After months of speculation, the Justice Department officially filed an antitrust lawsuit against Alphabet, Inc. GOOG GOOGL on Tuesday alleging subsidiary Google has engaged in anticompetitive practices to maintain monopolies in search and advertising.
The Claims: The DoJ complaint accuses Google of locking out competitors via exclusionary agreements, such as paying billions of dollars to mobile-phone manufacturers, carriers and browsers to use Google as their default search engine.
The Justice Department claims Google owns or controls channels that account for 80% of U.S. internet search volume, and Google has the scale and resources, including more than $120 billion in cash, to maintain that market dominance and block any meaningful competition in online search.
Google Responds: Google rejected the DoJ’s claims in a statement.
“Today’s lawsuit by the Department of Justice is deeply flawed. People use Google because they choose to—not because they’re forced to or because they can’t find alternatives,” Google said.

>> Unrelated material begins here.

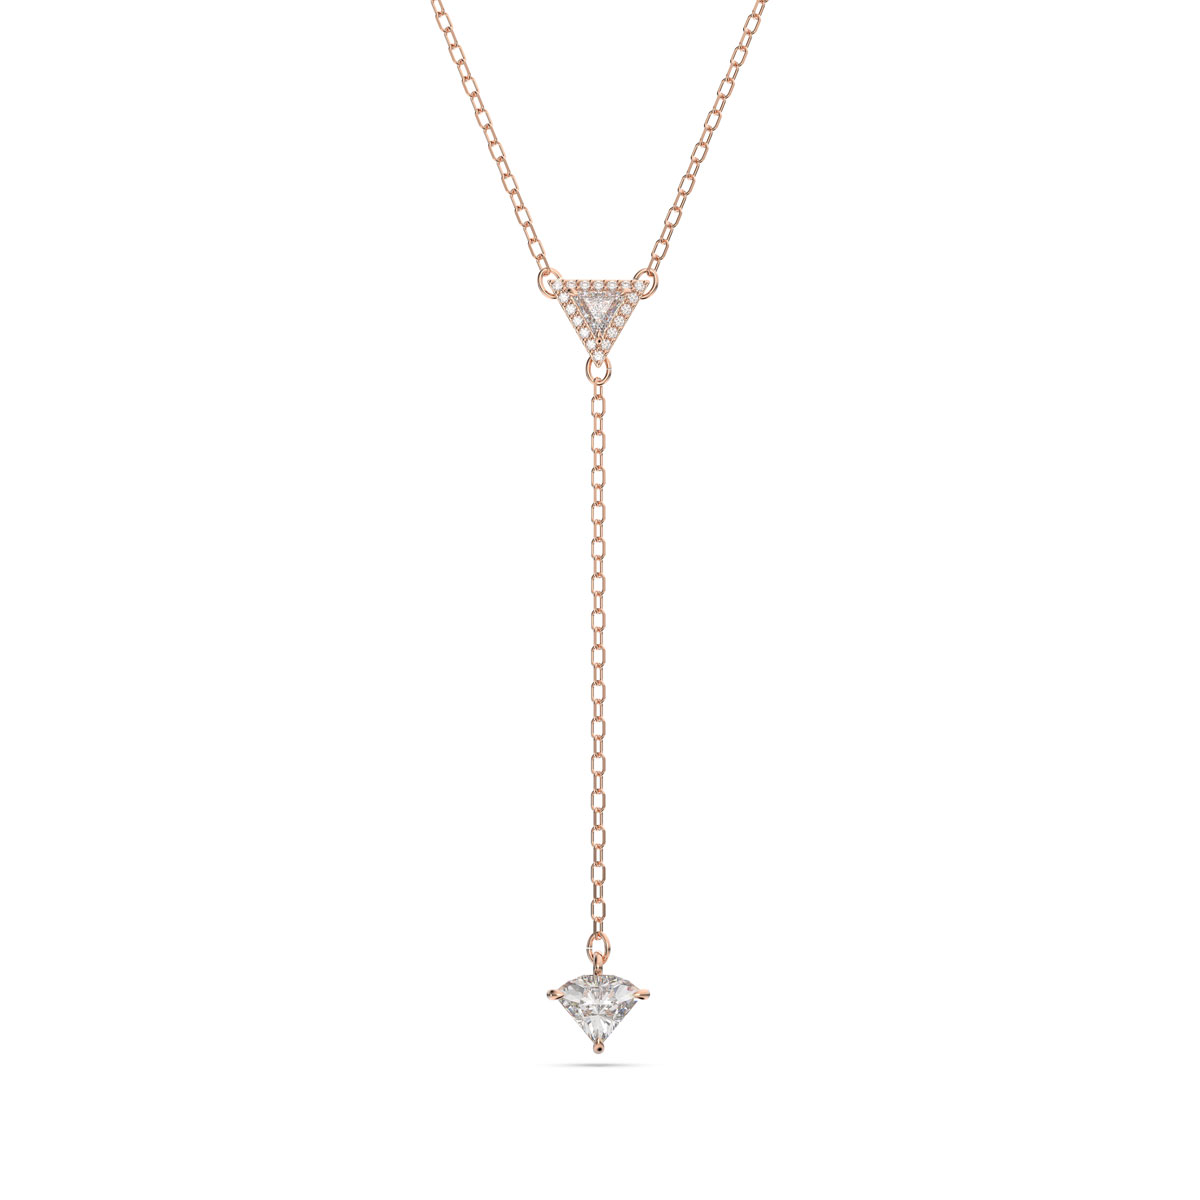 Swarovski Ortyx Y Necklace, Triangle Cut, White, Rose Gold Tone Plated

The company said it would be responding to the lawsuit in further detail later on Tuesday. Google has previously argued that its search business is typically free for consumers to use and is therefore not harmful in the way a typical monopoly is.
Google may also argue it has competing search engines, such as Microsoft Corporation MSFT search engine Bing and Verizon Communications Inc. VZ search engine Yahoo!. However, Google accounted for 79.4% of desktop searches and 92% of mobile searches in the month of August, according to The Wall Street Journal.
After reading the DoJ case, CNBC's Jim Cramer said he is even more bullish on Alphabet stock.
“I just think it’s another ‘loser case’ by the government. And by the way, the sum of the parts is worth far more than $1,500,” Cramer said.
Benzinga’s Take: Alphabet shares traded flat on Tuesday, suggesting investors weren’t caught off guard by the lawsuit or the charges. If Cramer is correct, a potential breakup of Alphabet or a victory over the Justice Department in court could ultimately serve as a bullish catalyst for the stock.